Re: NFS Square root

From: Big Boy (no@email.com)
Date: 04/14/03 

From: Big Boy <no@email.com>
Date: 13 Apr 2003 20:41:32 -0500

On Fri, 11 Apr 2003 07:00:10 +0100, Chris Card <ctcard@hotmail.com>
wrote:

>On Thu, 10 Apr 2003 17:34:47 -0400, Eric <no@email.com> wrote:
>
>
>> The closest I got to a rough estimate is in that last mentioned paper,
>> that is
>>
>> |B(m)| <= d^((d+5)/2) * N * (2 u sqrt(d) N^(1/d))^(#S/2) for
>> polynomial f(x) of drgree 'd' specifically choosen.
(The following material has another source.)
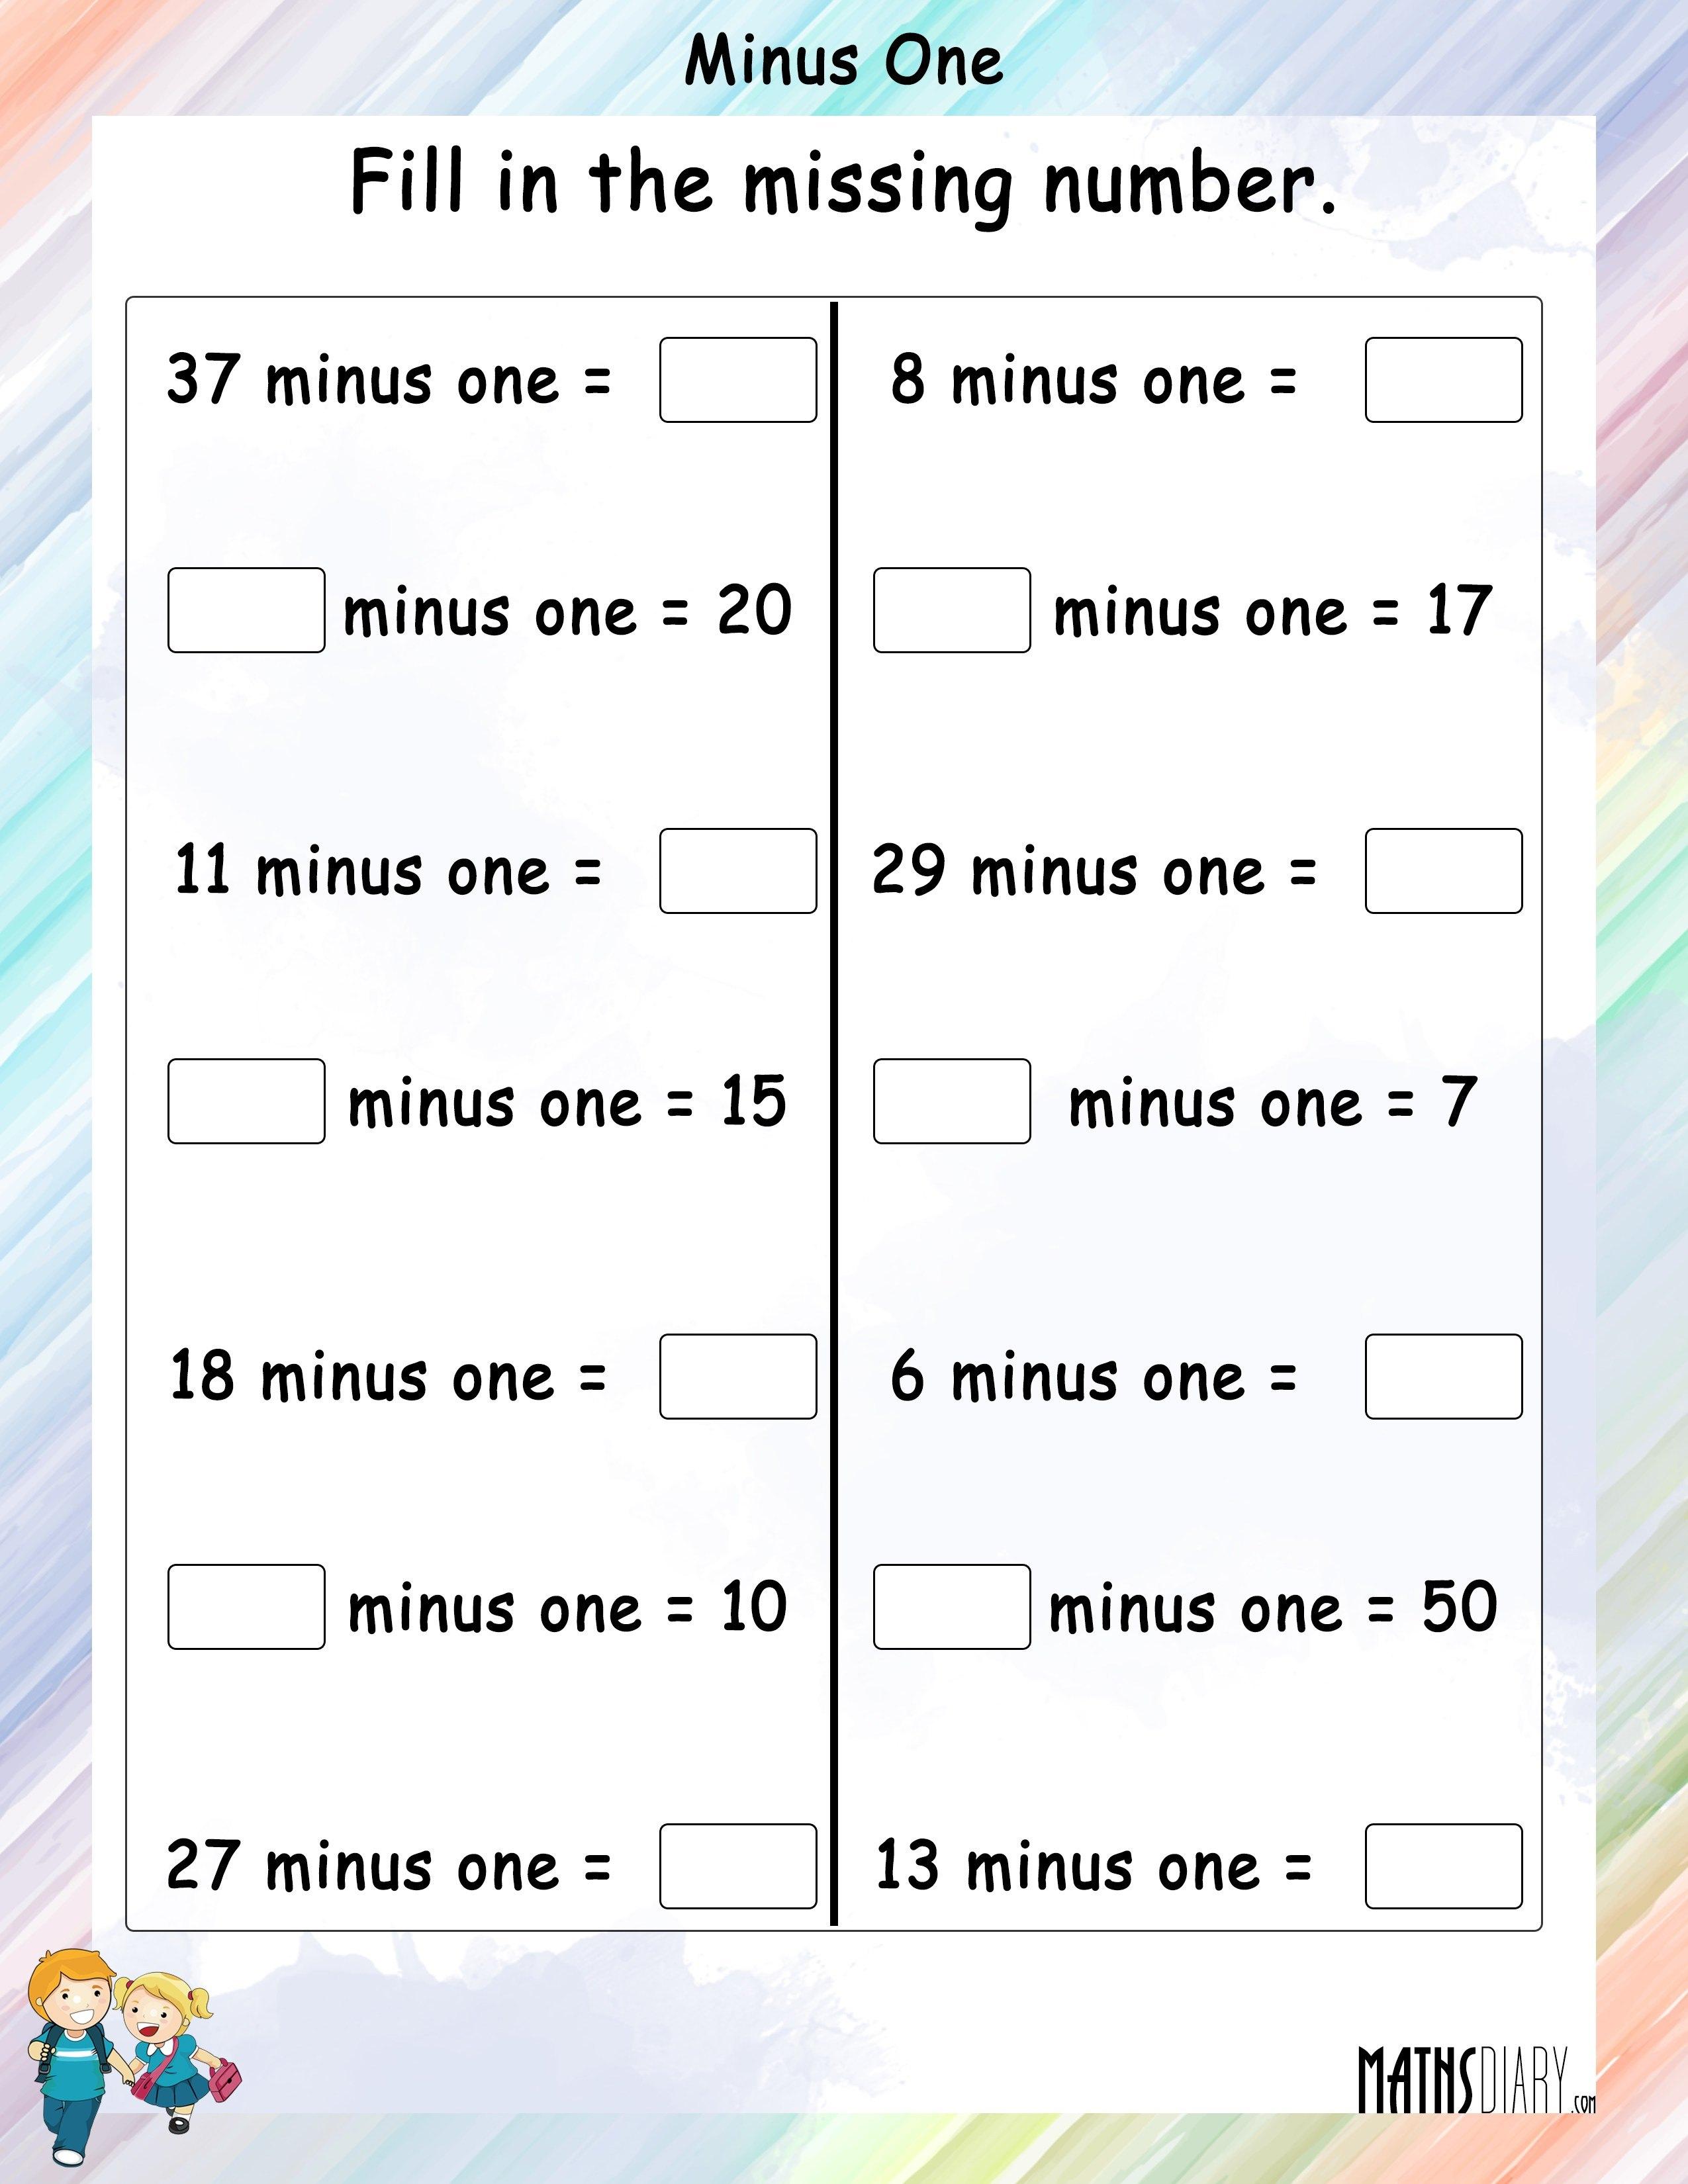 Subtracting One Minus One

And that paper
>> itself reffer to another one on how to estimate 'u' and '#S', that
>> isn't immediately available to me.
>>
>> Help would greatly be appreciated.
>> Thanks.
>>
>> Eric.
>>
>Surely you don't have to estimate 'u' and '#S', since they are defined in
>Couveignes paper:
>"we let u be an upper bound for all numbers |a|,|b| for which (a,b) are in
>S" where S is the set of relations used to form the squares and #S is the
>size
>of S.
>
>Chris

Yes, I saw in that last paper I mentioned the note about 'u'. And I
figured that #S was the number of (a+b<alpha>) relations. I did some
quick tests and the values seem very rough indeed.

Well, I'm currently trying to implement the idea about doing an
estimate with complex numbers instead, we'll see if I can code
algorithm that arrive somewhat to the intended result ;-) I didn't
want to mess with complex numbers but finally, it isn't that bad!

Thanks.